Monsieur Temmar sait mieux que quiconque que toute décision d’investissement de la part d’une entreprise – notamment une multinationale – s’appuie sur une démarche logique dont la lame de fond reste la rentabilité du projet, la pertinence et la profitabilité du marché. Sans rappeler la théorie des avantages comparatifs, les firmes françaises, en portant leur choix sur le Maroc, nous renseignent sur le climat d’affaires chez nous et la frilosité qui s’empare de nos supposés partenaires industriels. Il n’est un secret pour personne que l’Algérie officielle, mue par un discours populiste et sans profondeur, a fini par faire fuir les investisseurs les plus têtus. Comment voudriez-vous convaincre des opérateurs de venir déverser leur portefeuille dans notre économie au moment où, pour convaincre la chancellerie française après l’attaque de Lakhdaria, nos officiels ont usé de mensonges en insinuant la capture de Hattab.
Aussi, n’est-il pas légitime, pour ces entreprises, de juger sur pièce : la corruption ronge les institutions et la sphère économique, la bureaucratie est érigée en culture d’état, le système bancaire est à la traîne, la situation sécuritaire demeure précaire et « la stratégie industrielle » franchement floue.
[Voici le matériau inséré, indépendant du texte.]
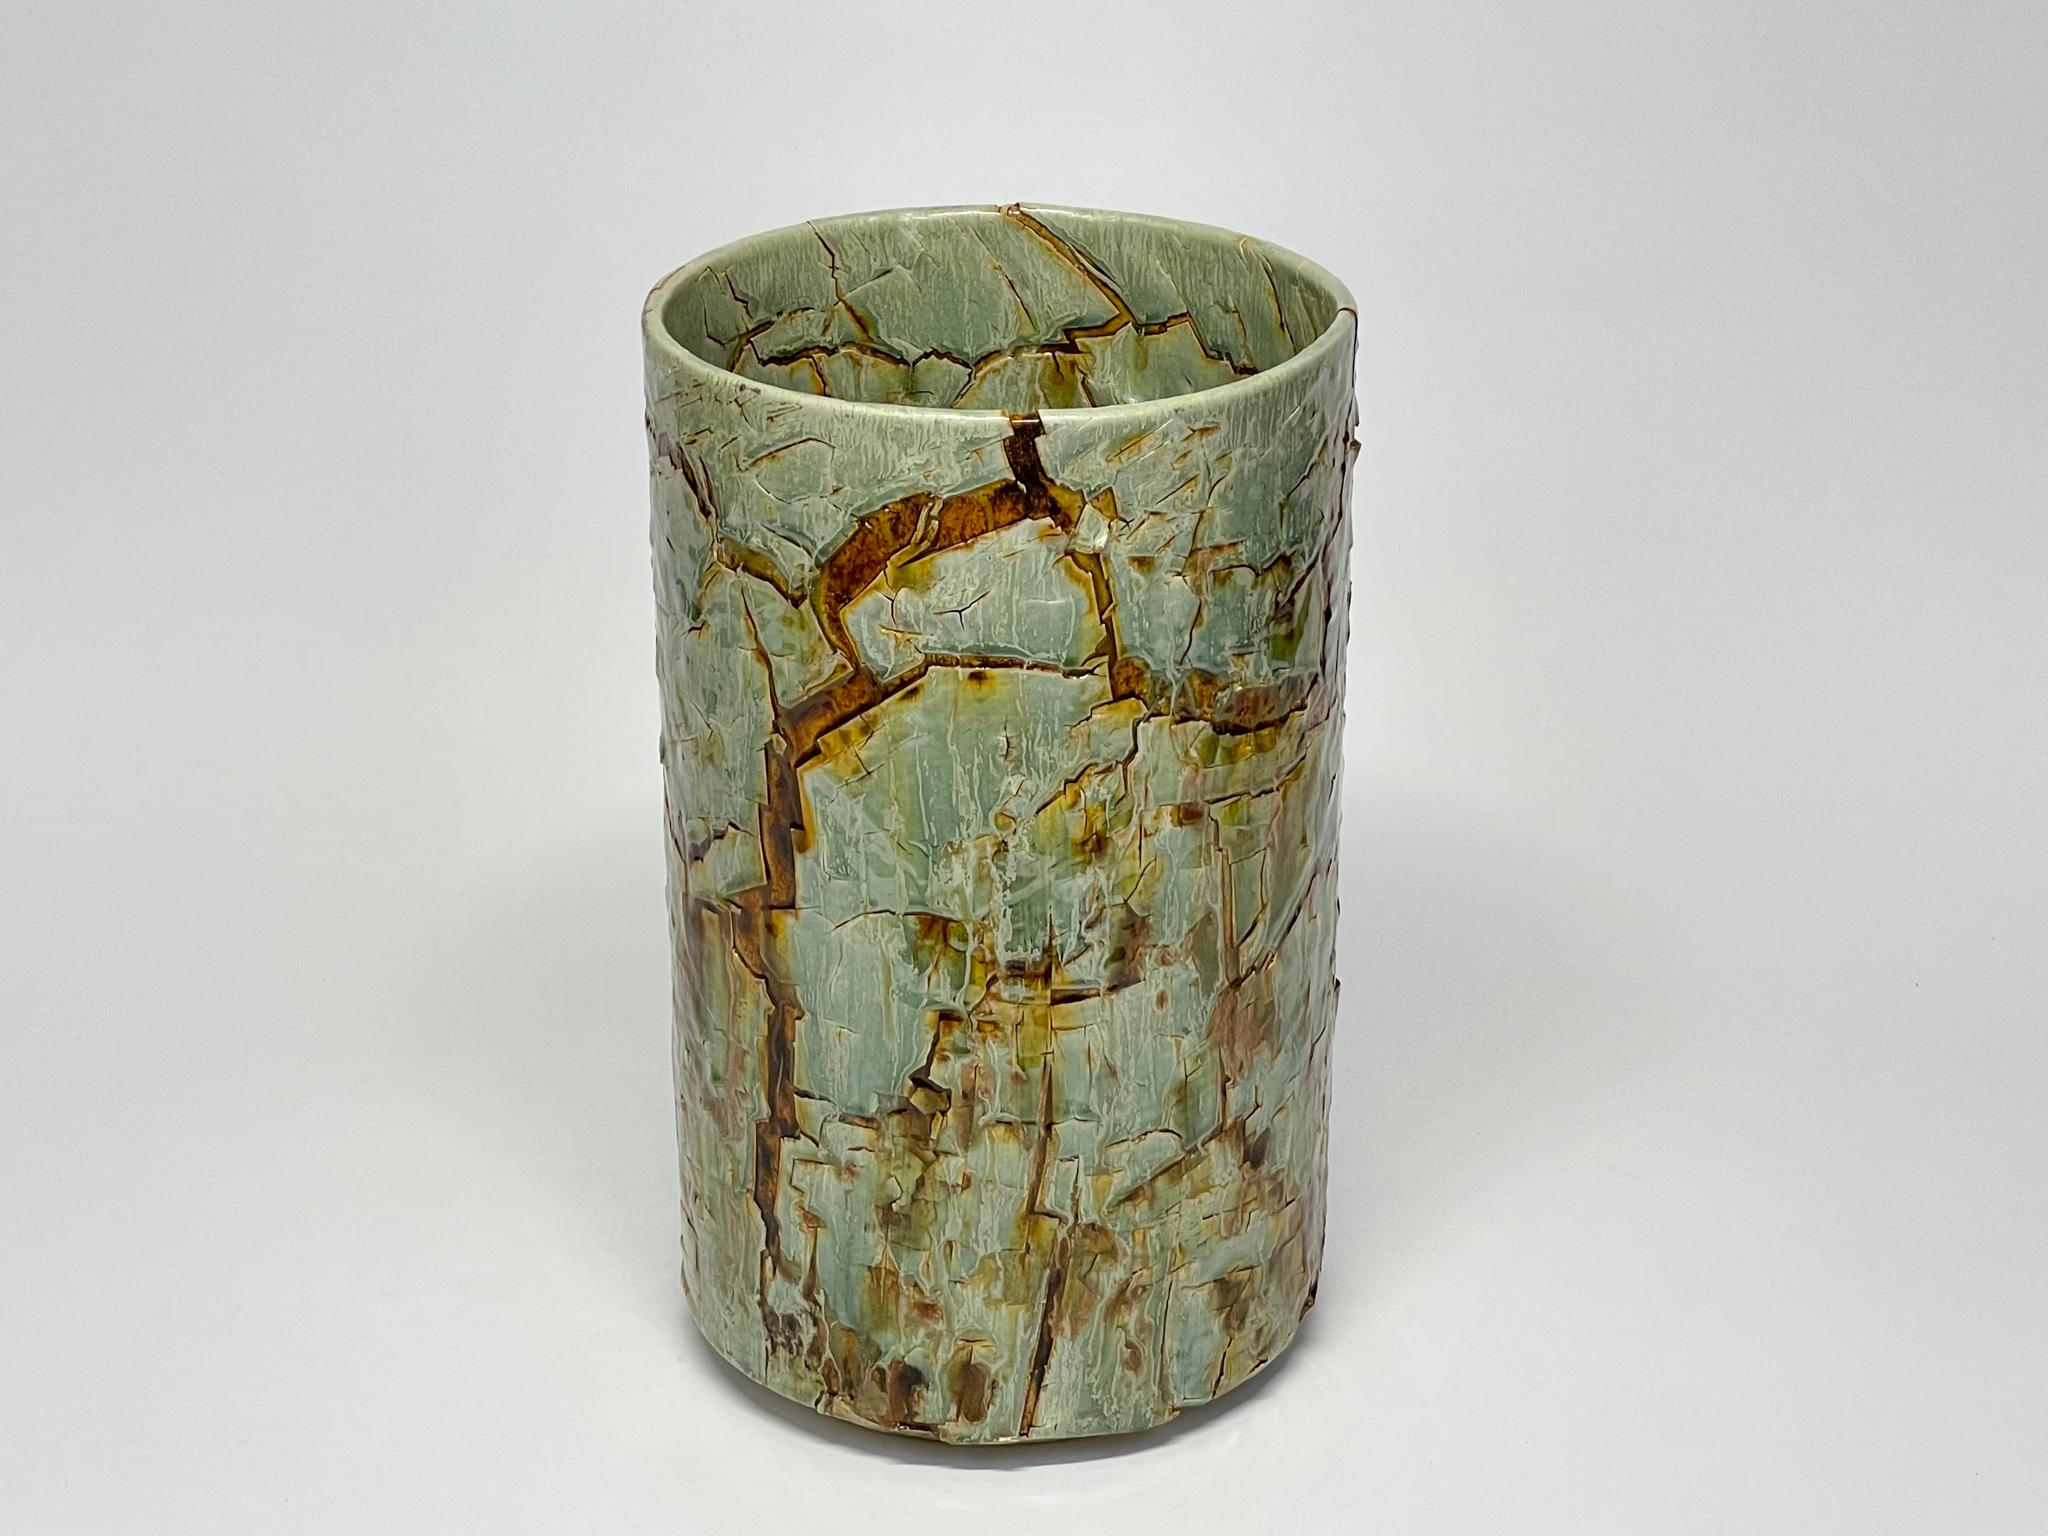 Zylindrische glasierte Keramikskulptur von William Edwards
Handgefertigtes, dekoratives Steingutgefäß, das mehrfach gebrannt wurde, um eine strukturierte Oberfläche von zufälliger Abstraktion zu erhalten, in Seladon-Grüntönen mit bernsteinfarbener

Face à ces tares non assumées et qu’on ignore sciemment, les opérateurs étrangers, plus pragmatiques et soucieux de leur survie, ont fait vite le choix de la rationalité consistant à exploiter l’opportunité marchande la plus attractive et la plus profitable. Chose faite. Puisque plusieurs multinationales, ayant manifesté leur intention de venir investir, ont vite déchanté et y ont renoncé. Logique quand on n’a pas su dégager les horizons pour les rendre plus lisibles et tentants.
Au lieu de tirer des enseignements instructifs, le gouvernement se mue dans un misérabilisme intellectuel alarmant et se fait victime d’une conspiration étrangère contre son économie. De tels agissements n’aideraient certainement pas à sortir du cercle vicieux de la médiocrité renforcé une tendance ce que Pierre Bourdieu appelle « Le fonctionnalisme du pire ».
Pendant tout ce temps-là, perdu à jamais, la situation s’aggrave et déchante même les nationaux. Le phénomène des harragas étant la manifestation la plus extrême d’une désillusion, la jeunesse, comme les multinationales, nous renseigne, à travers ce geste de désespoir, le gâchis dans lequel notre pays sombre.
Au pied du mur, un maçon ne parle pas, il construit. Autrement dit, un gouvernement ferait mieux de passer à l’acte de construire que de palabrer inutilement et sans portée.